Same here. Still don't get how we obtained a solution "at infinity" (and whether it really is a solution at infinity), since *(x:y:z) = (0:1:0)* presumably corresponds to *(x/z : y/z) = (0/0 :1/0),* as we were dividing by *z* to get this solution. Or maybe there's really smth crucial about the solution I don't quite understand yet.

@user-zz3sn8ky7z

27 күн бұрын

@@allozovsky We don't, review again the original equivalence relation : "two points (x:y:z) and (r:s:t) are equivalent is and only if there exist a λ so that λx=r, λy=s and λz=t" This, as pointed out, implies that almost any arbitrary point (x:y:z) is equivalent to (x/z : y/z : 1) by setting λ=z However this implication doesn't hold for (x : y : 0), because no matter what λ you set, 0*λ =/= 1, which is required to get the (x/z : y/z : 1) form, meaning the two are not equivalent.
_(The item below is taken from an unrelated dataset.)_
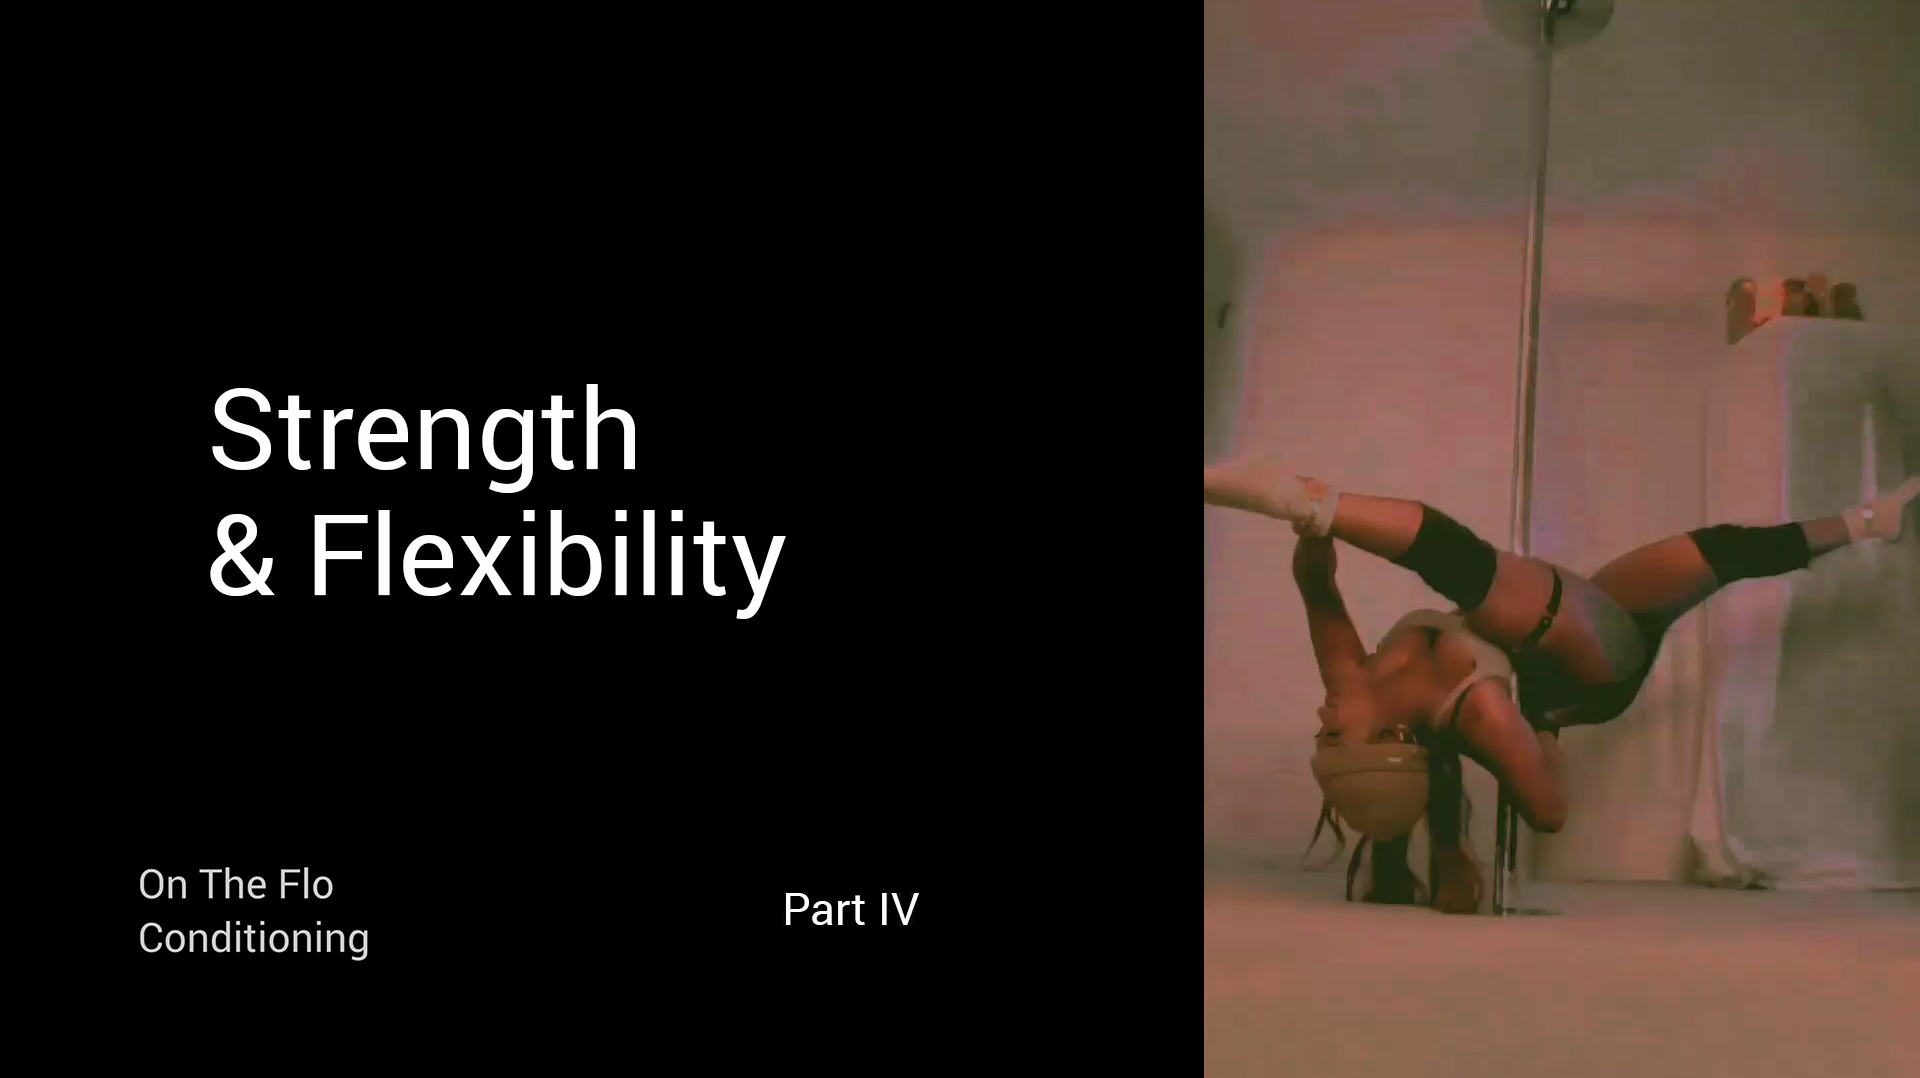 How Do You Build Arm Strength/Upper Body Strength For Pole Dancing
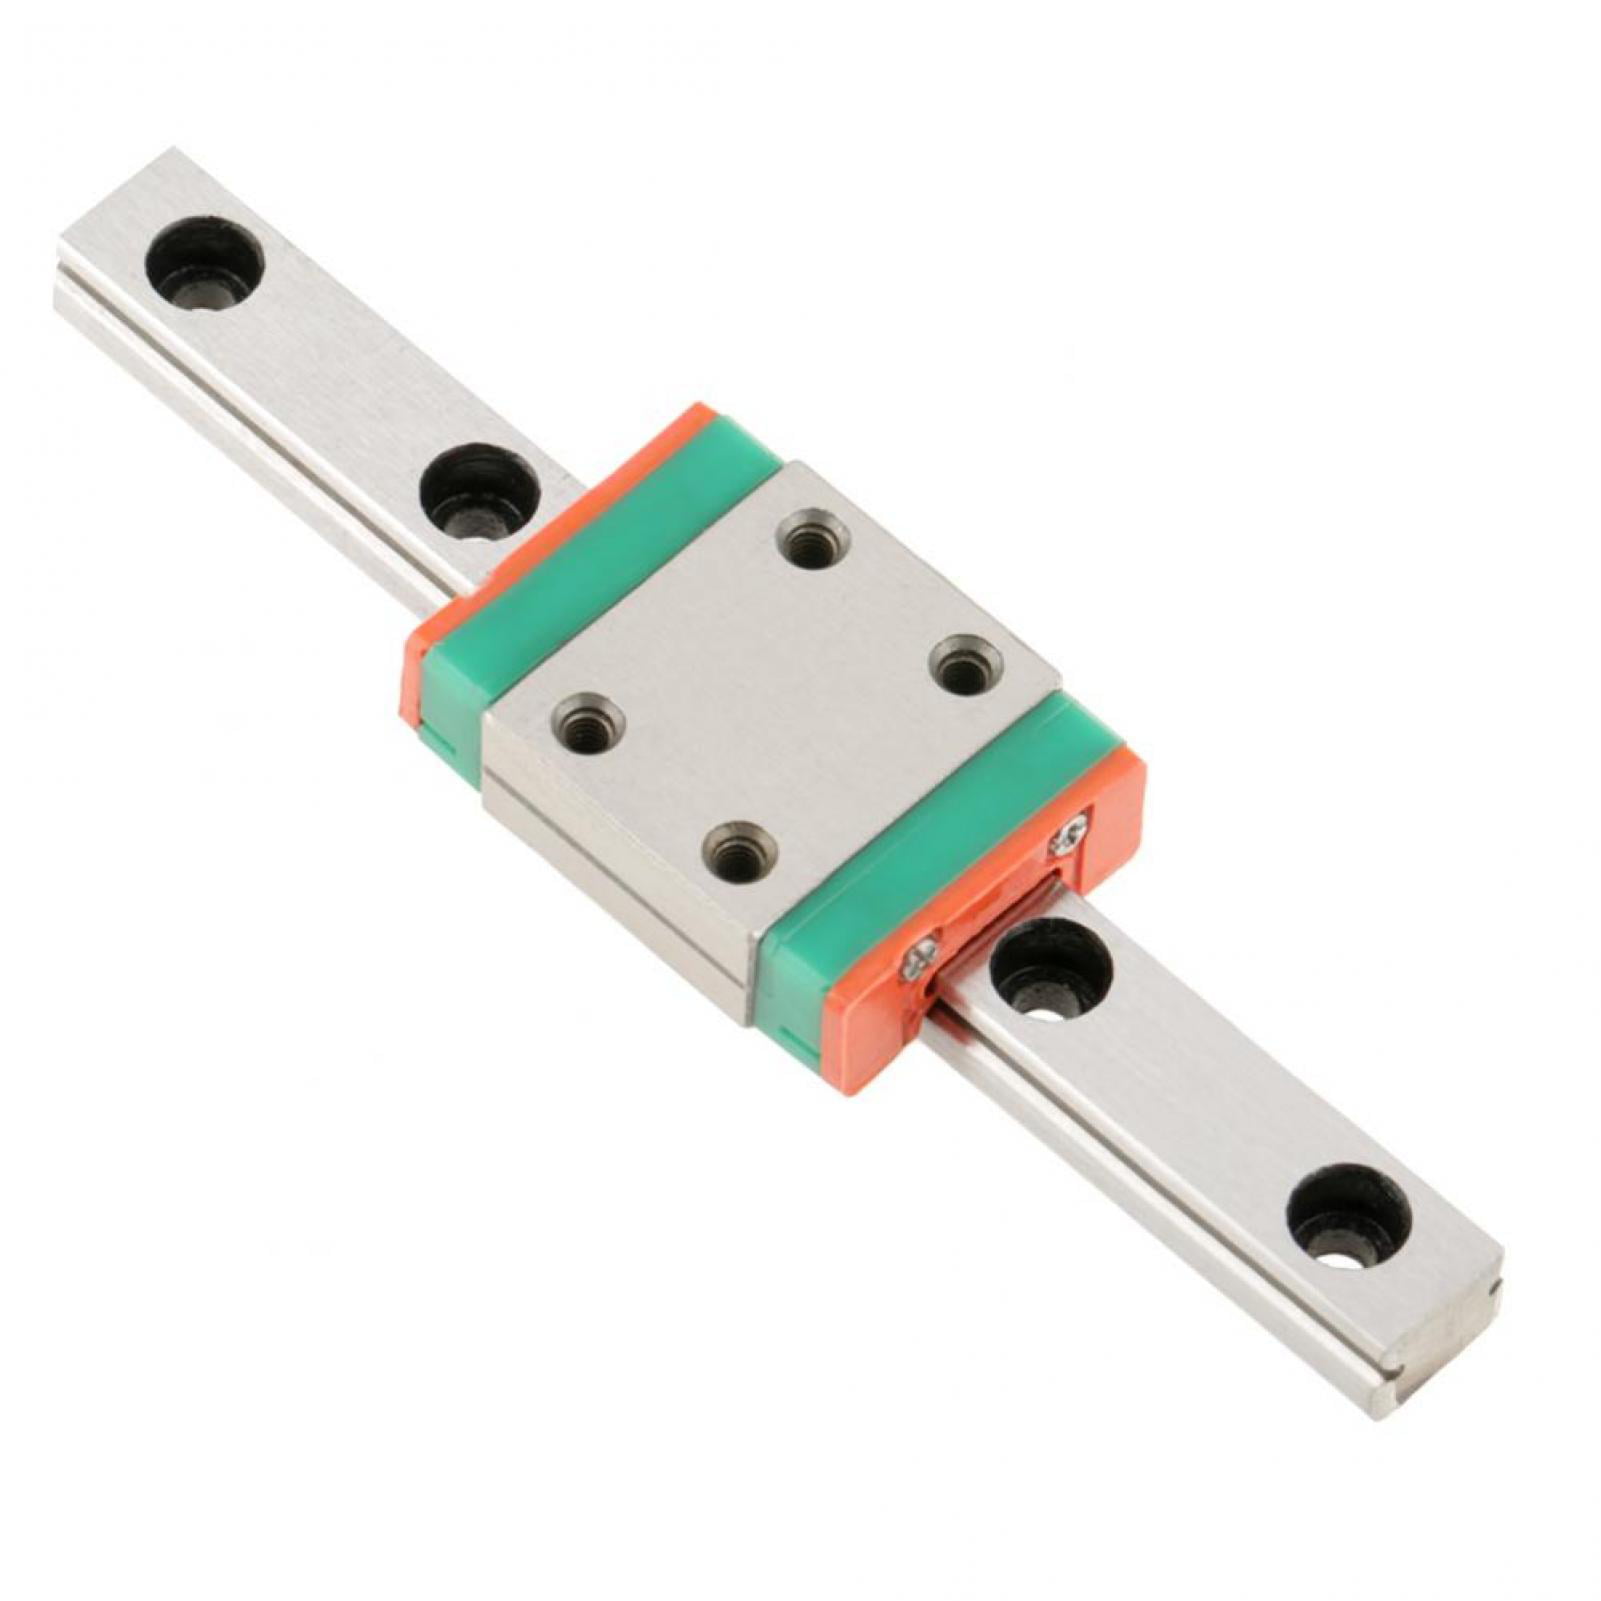 1pc LWL7B Miniature Linear Rail Guide 7mm Width 1pc Slide Block For DIY CNC GB

And if you review the video closely you'll see that the author did include a small z =/= 0 note ;)

Are we allowed to multiply by 0/0 (in the second case) at 5:34? Is this possible bc we're working under limit sign there?

@galoomba5559

Ай бұрын

Yeah, that's the reason we're taking the limit

So it's like interpreting a line crossing the x axis as an infinitely stretched parabola that crosses the x axis again at infinity.

@allozovsky

28 күн бұрын

You can even plot both the quadratic and the linear functions on the *closed* interval *[−∞; +∞]* (by transforming the coordinate grid appropriately to squeeze the whole range into the *[−2; 2]×[−2; 2]* square) and notice how the parabola (with *a → 0)* follows the linear function almost over the whole range and then rapidly falls down at the very end of the plot (near infinity point) to give a second root.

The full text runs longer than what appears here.